Tudo Estava como Deveria Acontecer (Gabriela Goulart Comeli)

GabrielaQuerida mãezinha Jaqueline, querido papai Dilney, começo essa carta com o coração pulsando rapidamente, mas firmando esse recado que lhes trago pedindo a Jesus que nos conceda sua luz e proteção aos nossos corações tão pequenos diante dEle.

Espero vê-los depois desse recado mais firmes e preciso da paz de seus corações para que eu também prossiga na nova jornada que a vida agora me apresenta.

A vovó Amilda me acompanha nesse dia de tanta paz para os nossos corações.

Me lembro que a decisão para a redução do estômago acima de tudo era por condições de saúde pois já me via em apuros com o desconforto,

Exames prévios, tudo sob controle, indicavam que eu poderia ir para a intervenção com segurança, e assim foi feito mamãe e papai, e venho lhes dizer que tudo estava como deveria acontecer.

Recebi orientações da vovó que veio também esclarecer as minhas dúvidas. Sei que vocês ficam com a dúvida da posição do médico quando do agravo de minhas condições pós-cirúrgicas.

Nós aprendemos, digo nós porque eu e o Gu, meu irmão Gustavo, aprendemos com vocês a importância da seriedade e da honestidade em nossas vidas.

Eu venho a lhes pedir que não fiquem mais encasquetando com esta questão médica de que a equipe que a equipe que me atendia poderia solicitar qualquer outra providência mesmo externo ao hospital. A vovó veio ao meu encontro a esse respeito acalmando-me o coração. Não houve nenhum atraso na decisão médica para se colocar em outra forma de procedimento quanto a sanar as complicações que vieram. Se fosse diferente a questão eu viria a punho relatar, mas não é o caso papai.

Peço que a calma e a serenidade nos ajudem a entender todo o processo que passamos, e com a sinceridade de sempre eu venho dizer o que a vovó me ensinou ao dizer que se não fosse a complicação que ocorreu eu de alguma forma não teria mais tempo, pois na minha programação eu não poderia continuar mais.
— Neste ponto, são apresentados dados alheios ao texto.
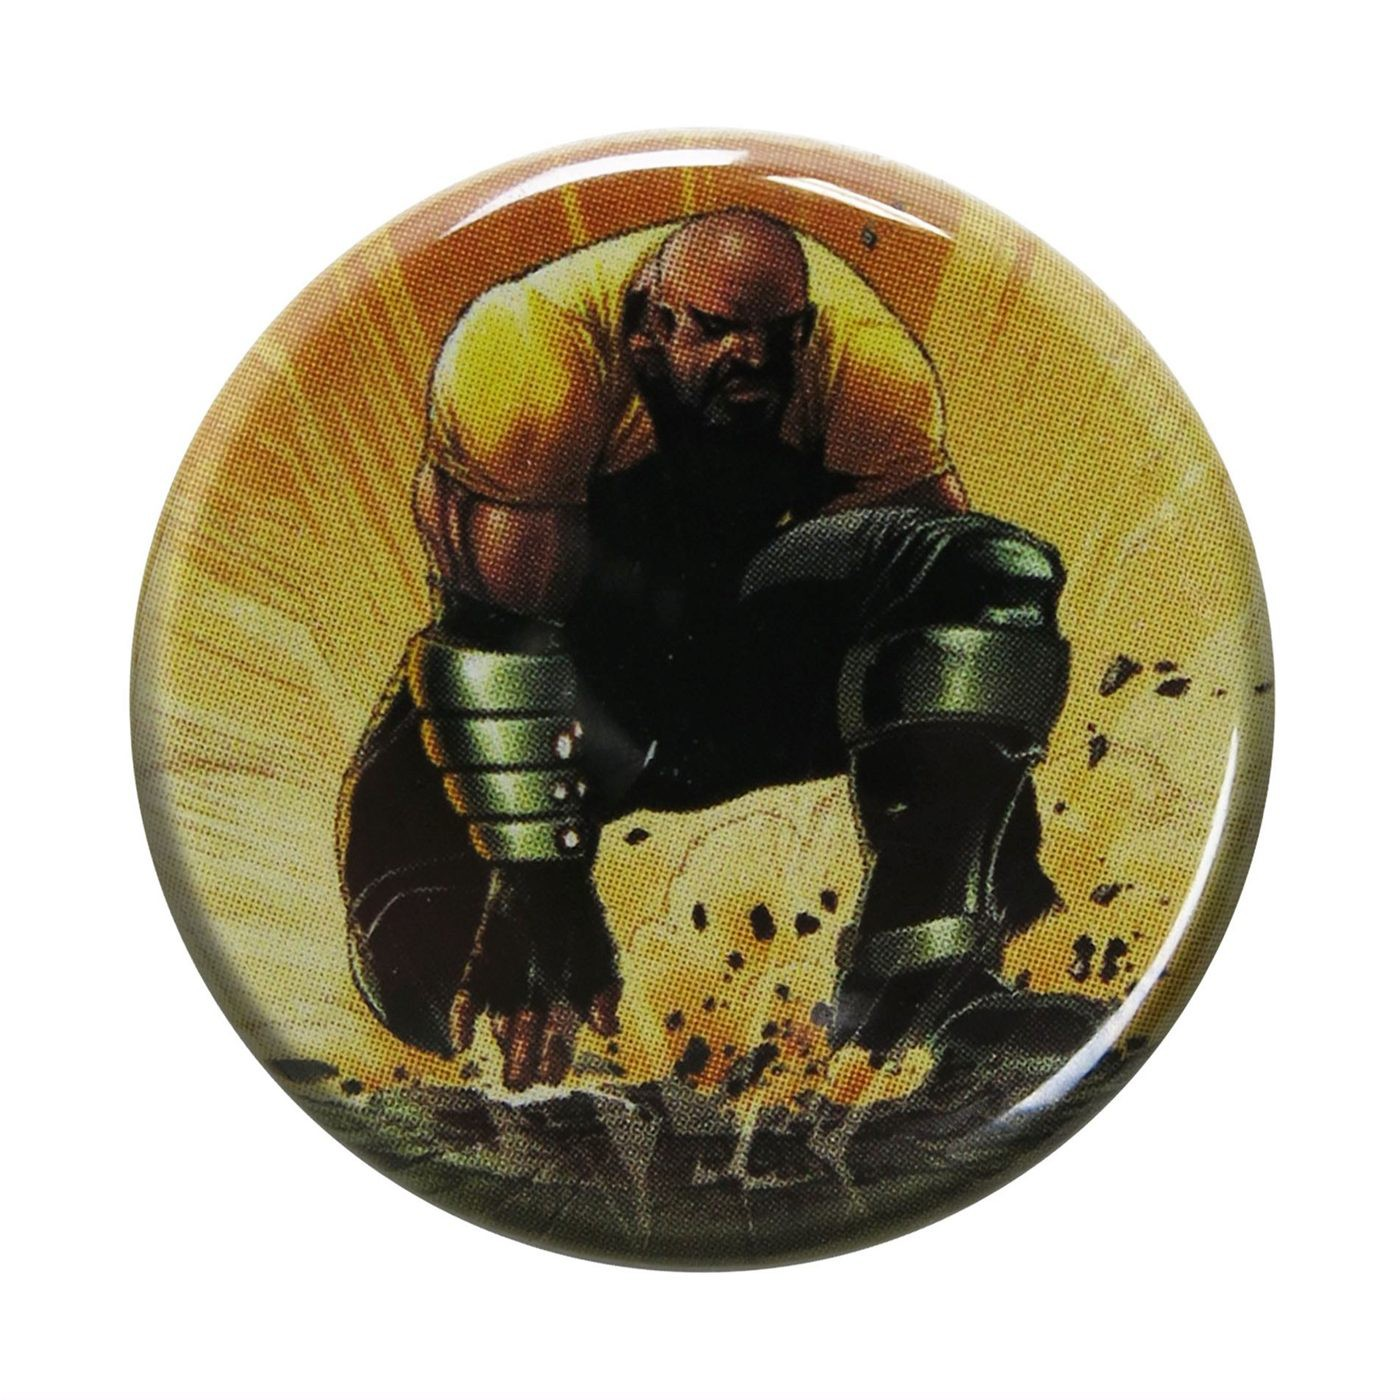 Luke Cage Fist Pound Button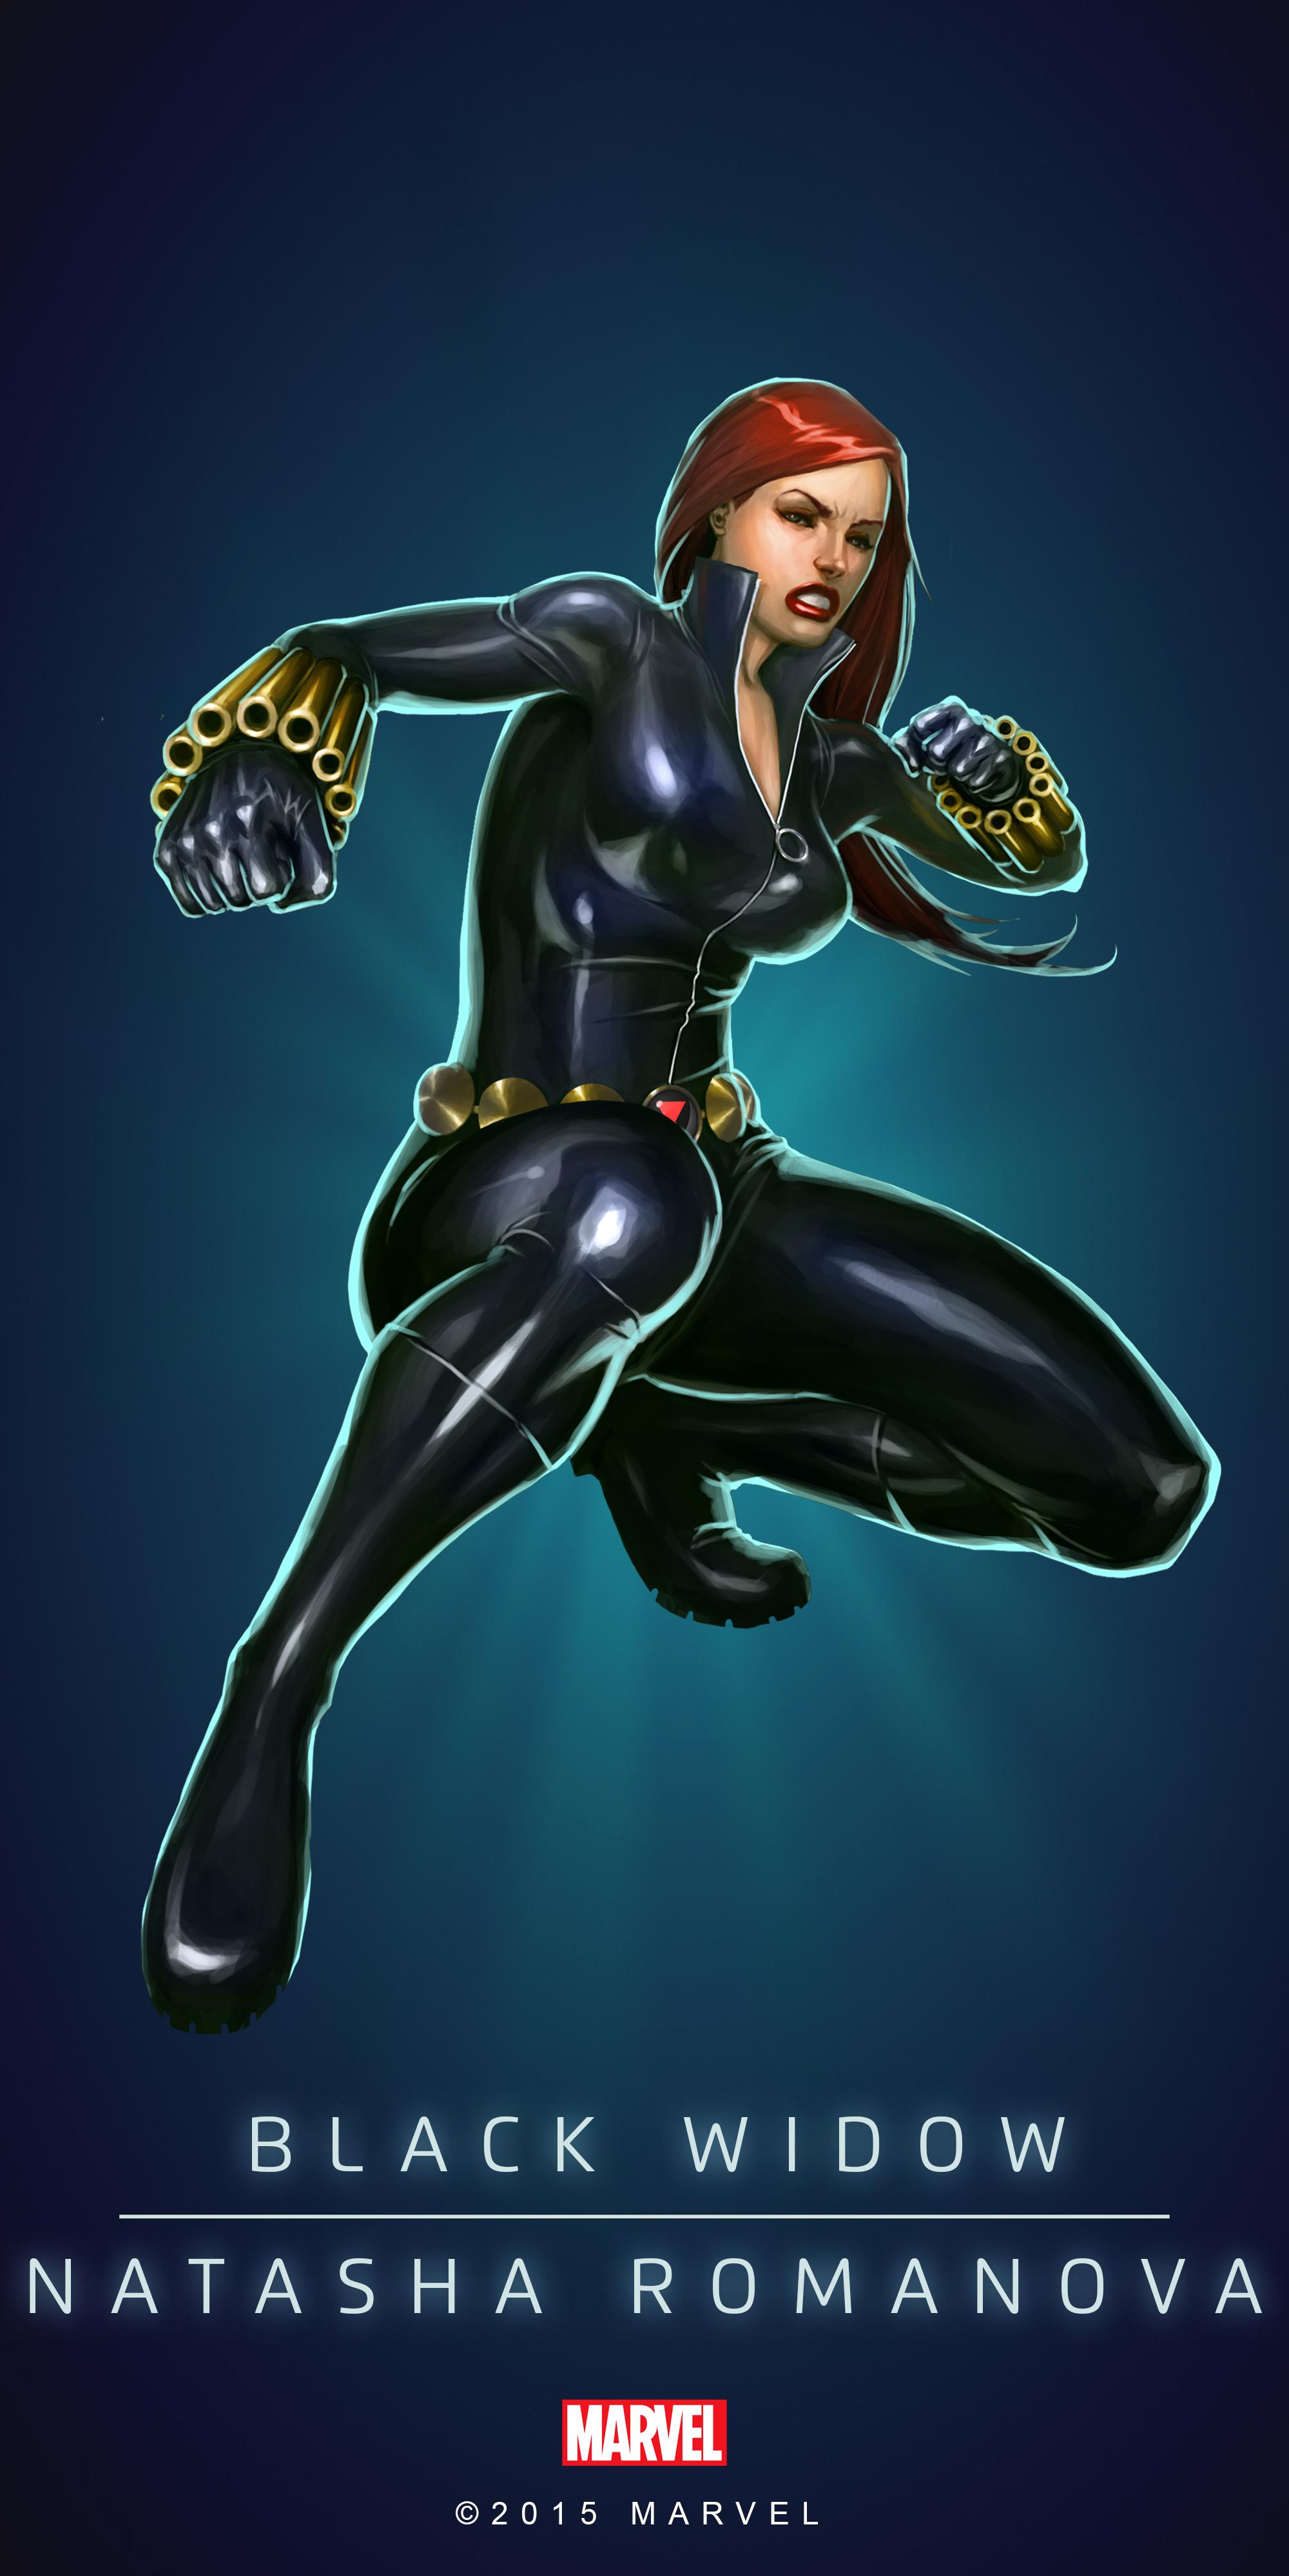 Black Widow Modern Poster 03 Png 2000 3997 Black Widow Marvel Marvel Superheroes Marvel

Sei que pode parecer difícil compreender essa questão, mas é o que lhes digo na visão que a vovó me passou.

Quantos ainda por aí de repente algo inusitado ocorre como a indicar que é um acidente bobo por exemplo, é o toque que a vida se dispõe para que determinada pessoa cumpra o seu tempo final na experiência física.

Quantos, papai e mamãe, ontem por exemplo, passaram pelo mesmo procedimento cirúrgico e que tenham até tido dificuldades, e estão sob o controle médico com segurança e bem-estar em plena recuperação?

Entendo seus corações tentando reter a filha ao lado, e eu aqui evidentemente que desejaria estar com vocês, com o Gu, mas acima de nós as leis superiores que nos comandam.

Eu lutei de início para entender tudo isso, mas a vovó Amilda me fez ver que meus olhos não poderiam avaliar meu caso com os olhos limitados da vida física.

Agora cabe-nos aceitar com Deus porque a UTI não foi a porta para o fim, nada disso, foi apenas a porta que comandou meu ingresso na nova vida e me vejo em processo seguido de adaptação.

A vovó me trouxe com a sua proteção e bondade, e estou sob seu caloroso com o carinho dela 24 horas por dia, e me vejo bem segura com isso.

Papai e mamãe se tranquilizem, ? Conto com a fé de vocês e sou eu a filha sempre agradecida e ciente que a decisão para a cirurgia era acima de tudo não só uma questão estética, mas de saúde.

Aguardarei o dia a dia vê-los com a mesma saudade que sinto mas com a esperança de que um dia na linha do tempo estaremos nos reunindo.

Que o Gustavo fique bem contando comigo na torcida para o seu melhor.

Quanto à mim vou me restabelecendo bem.

A vida não acabou mamãe e papai, ela só prossegue agora de forma diferente, e Deus nos dará a força para prosseguirmos da melhor forma possível.

É isso aí, vamos em frente.

A filha e irmã com o carinho de sempre, e a saudade viva no coração.

GABRIELA GOULART COMELLI (18/01/2013, 19 anos)

Mensagem psicografada no Centro Espírita Luz e Redenção, em Palhoça-SC, no dia 24 de novembro de 2013, pelo médium Orlando Noronha Carneiro.